It's obvious, really: a Republican president is better for your wallet than a Democrat president.

The party of the Right, we all know, sympathises more with enterprise. So the stock market will perform better when the Left is in the wilderness and the Right is in the Oval Office.

After all, businessmen know what's best for business and businessmen back Republicans.

Except that it's not actually true.

Risk premium

Many business leaders do support the Republicans, but many don't. (Warren Buffett, perhaps the shrewdest investor on the planet, is backing John Kerry.)

But it's not true in a much more fundamental way, too.

The few rigorous academic studies that have been done on how Wall Street performs under different administrations show two important findings: in the past, stock prices have been doing better under the Democrats than under the Republicans, and real interest rates have been lower.

Two professors of finance at the University of California, Pedro Santa-Clara and Rossen Valkanov, concluded that from 1927 to 1999 annual stock market returns were about 11% higher than safe three-month Treasury bills during Democrat administrations compared with 2% under Republican administrations.

Wall Street sign
Making money on Wall Street may not depend on politics.

And however you measure it, the result is the same: stocks on a broad measure, like the S&P500 stock market index, do better under Democrats than under Republicans, according to the professors' study, "The Presidential Puzzle: Political Cycles and the Stock Market", published in the Journal of Finance.
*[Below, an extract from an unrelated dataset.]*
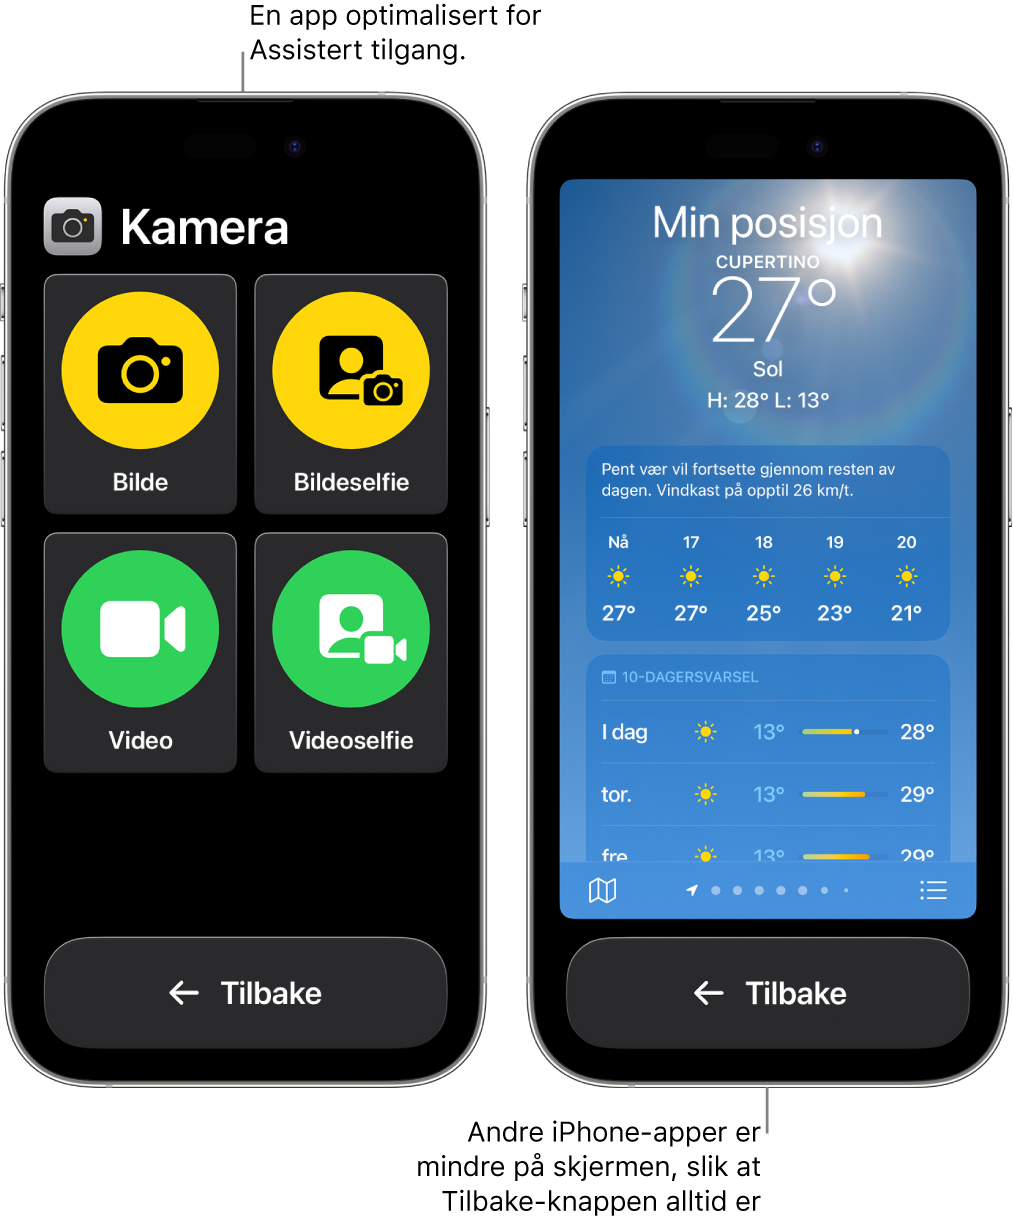 To iPhoner i Assistert tilgang. Én iPhone viser en app som er utviklet for Assistert tilgang, med et stort rutenett med knapper. Den andre iPhonen viser en app som ikke er utviklet for Assistert tilgang, og som er i sin opprinnelige design. Appen er mindre på skjermen, med en stor Tilbake-knapp nederst.

So, why is this so? Is it because Democrats are worse at running the economy so stock prices rise to offset the added risk?

Not so, according to the authors: "There is no riskiness of the stock market across presidencies that could justify a risk premium."

Puzzle

Conversely, might it be that Democrats are just better at running the economy than Republicans?

NYSE traders
Jittery traders, uncertain about which way to go

The authors discount this, too. Their study looks at the return from stocks compared with a benchmark - the safe Treasury bill.

If the economy was doing better or worse under one regime than another, the difference between stock price and the Treasury bill price should not be that different unless something else was going on. In theory, both should move up or down with the economy.

Which means we (and the authors) are left with a puzzle.

No guarantee

One explanation might be that investors in stocks have poor expectations of Democratic administrations and heightened expectations of Republican administrations.

Investors are then pleasantly surprised by the policies of Democrats and disappointed by those of Republican presidencies so stock prices gradually rise under the former and gradually fall under the later.

Democrats are painted over-bleakly on the economy and Republicans over-rosily - so the reality pushes prices up for the former and down for the latter.

Maybe. It remains a puzzle.

But what is certain is that a vote for Kerry or a vote for Bush does not guarantee a worse or better performance for your portfolio. It doesn't work as simply as the tabloids might have you believe.